**Data extract:**
* * * * * * *

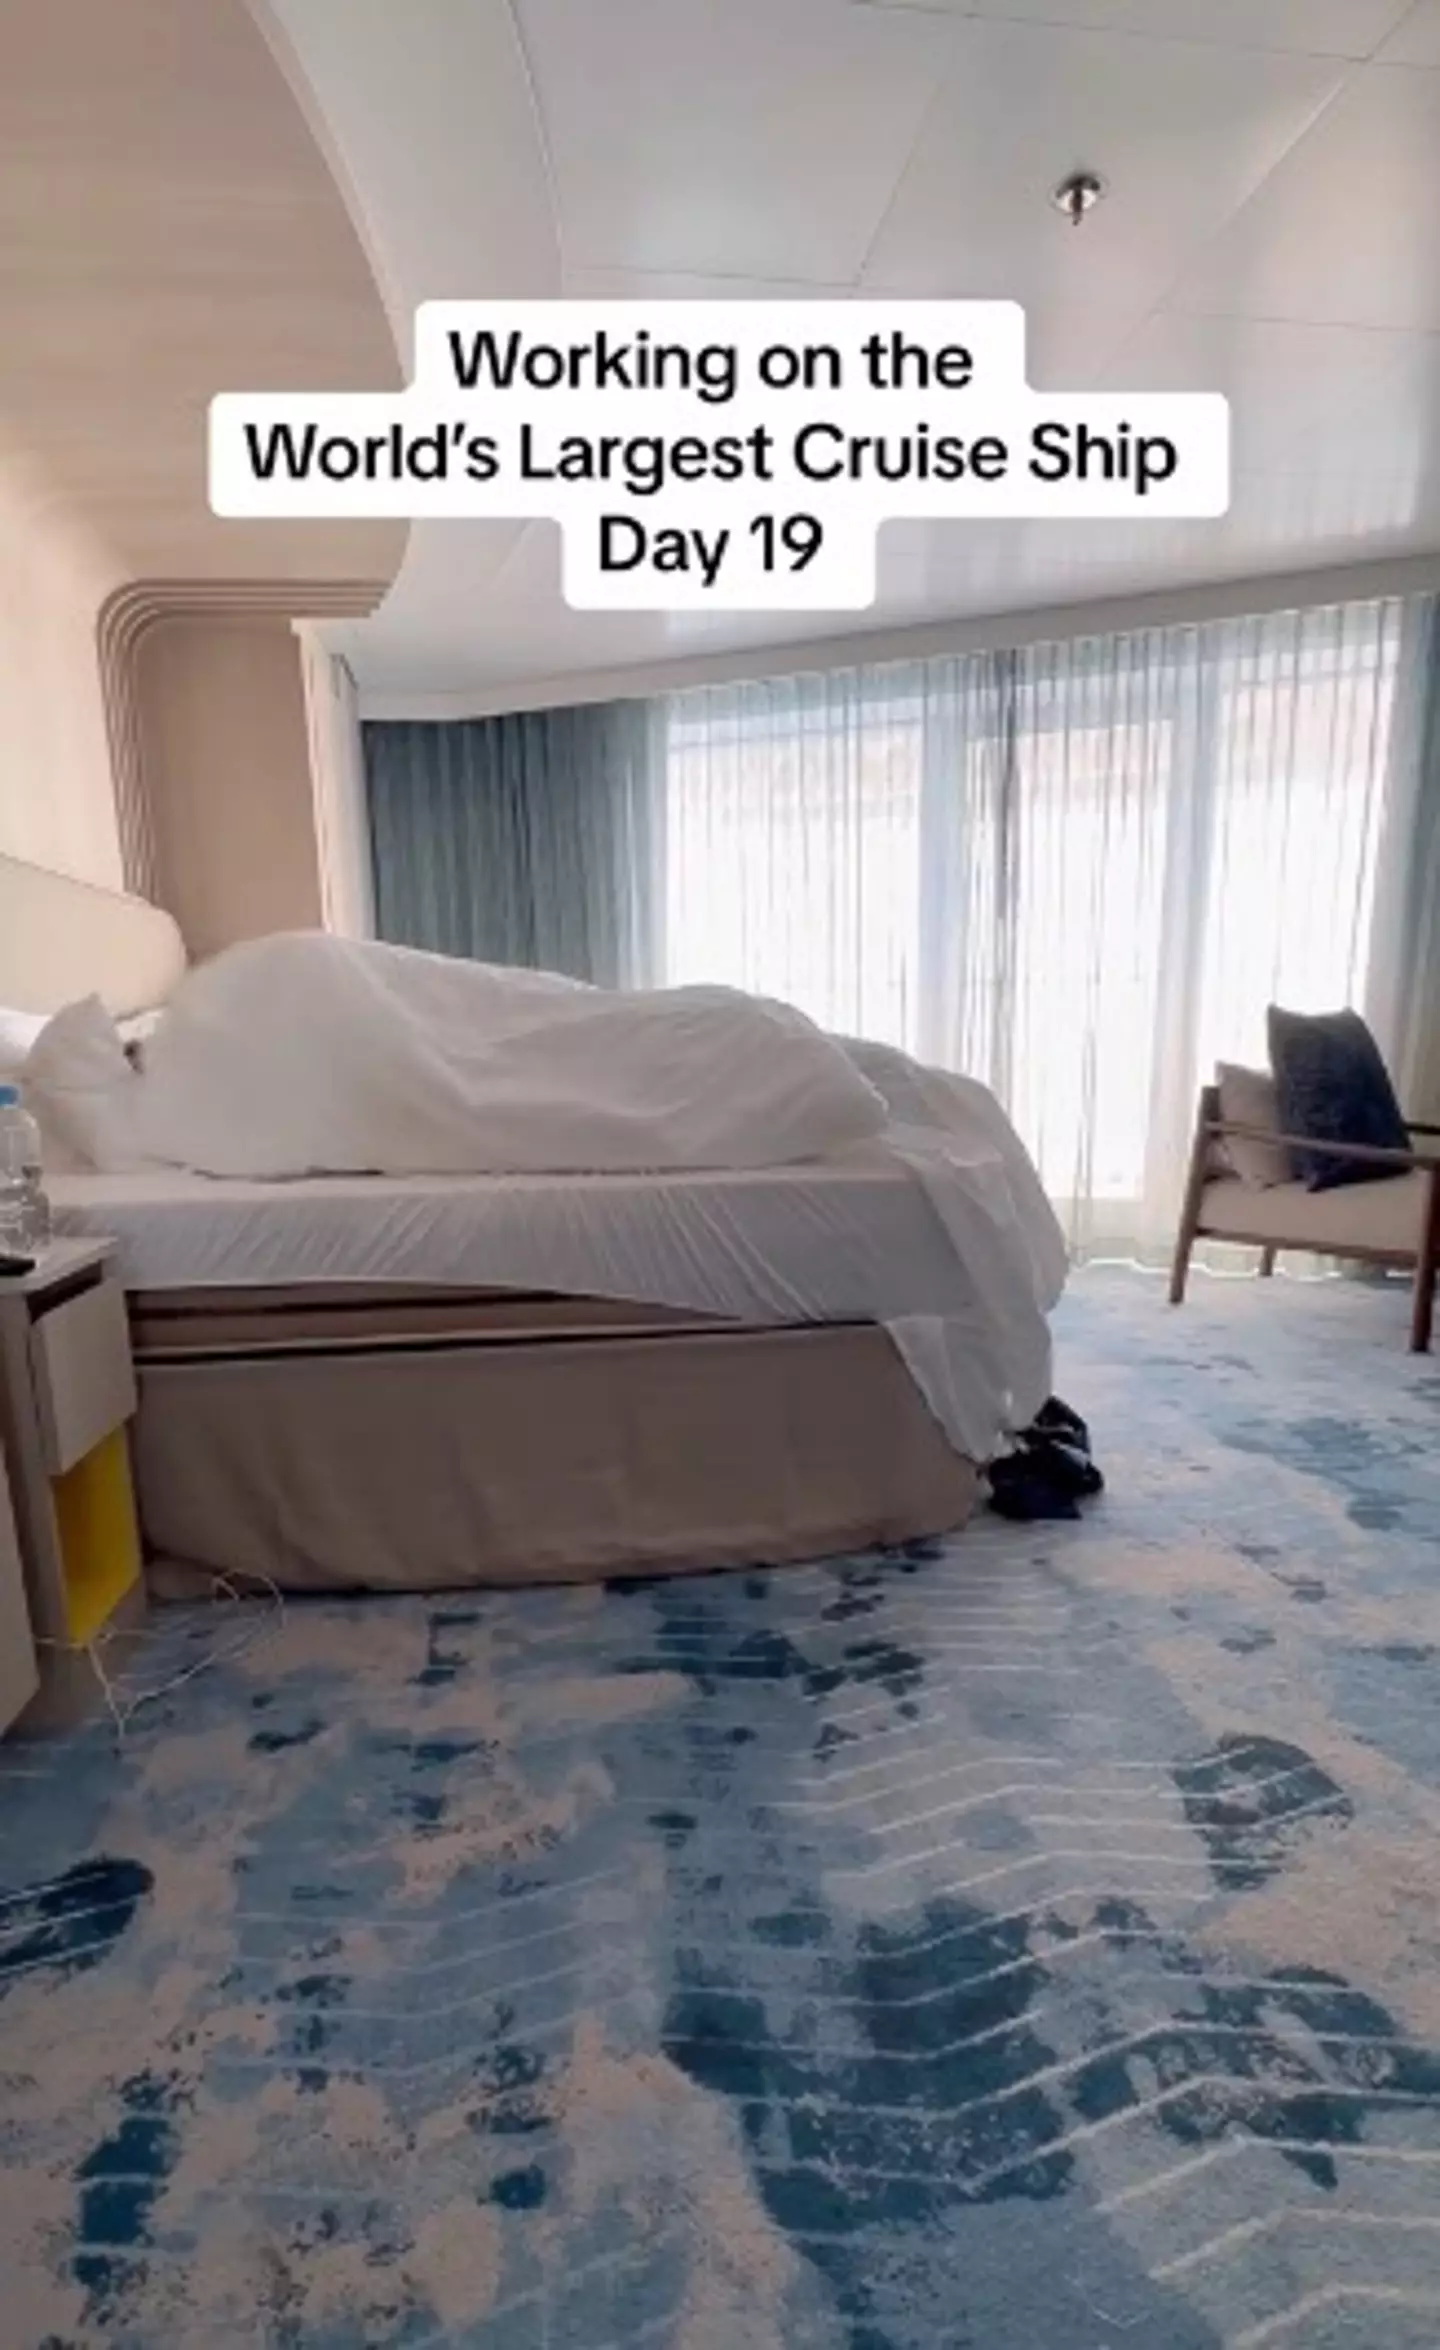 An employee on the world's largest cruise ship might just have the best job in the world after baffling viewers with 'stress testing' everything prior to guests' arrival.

* * * * * * *

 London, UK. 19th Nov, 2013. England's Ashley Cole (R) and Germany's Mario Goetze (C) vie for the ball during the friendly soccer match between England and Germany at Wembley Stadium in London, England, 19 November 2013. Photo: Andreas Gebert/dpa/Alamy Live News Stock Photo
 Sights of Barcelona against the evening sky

* * * * * * *

**Problem description:** Once the line with "London, UK. 19th" is found in the records above, print exactly that line and every line after it through the line with "Sights of Barcelona against the evening sky".

**Answer box:**
 London, UK. 19th Nov, 2013. England's Ashley Cole (R) and Germany's Mario Goetze (C) vie for the ball during the friendly soccer match between England and Germany at Wembley Stadium in London, England, 19 November 2013. Photo: Andreas Gebert/dpa/Alamy Live News Stock Photo
 Sights of Barcelona against the evening sky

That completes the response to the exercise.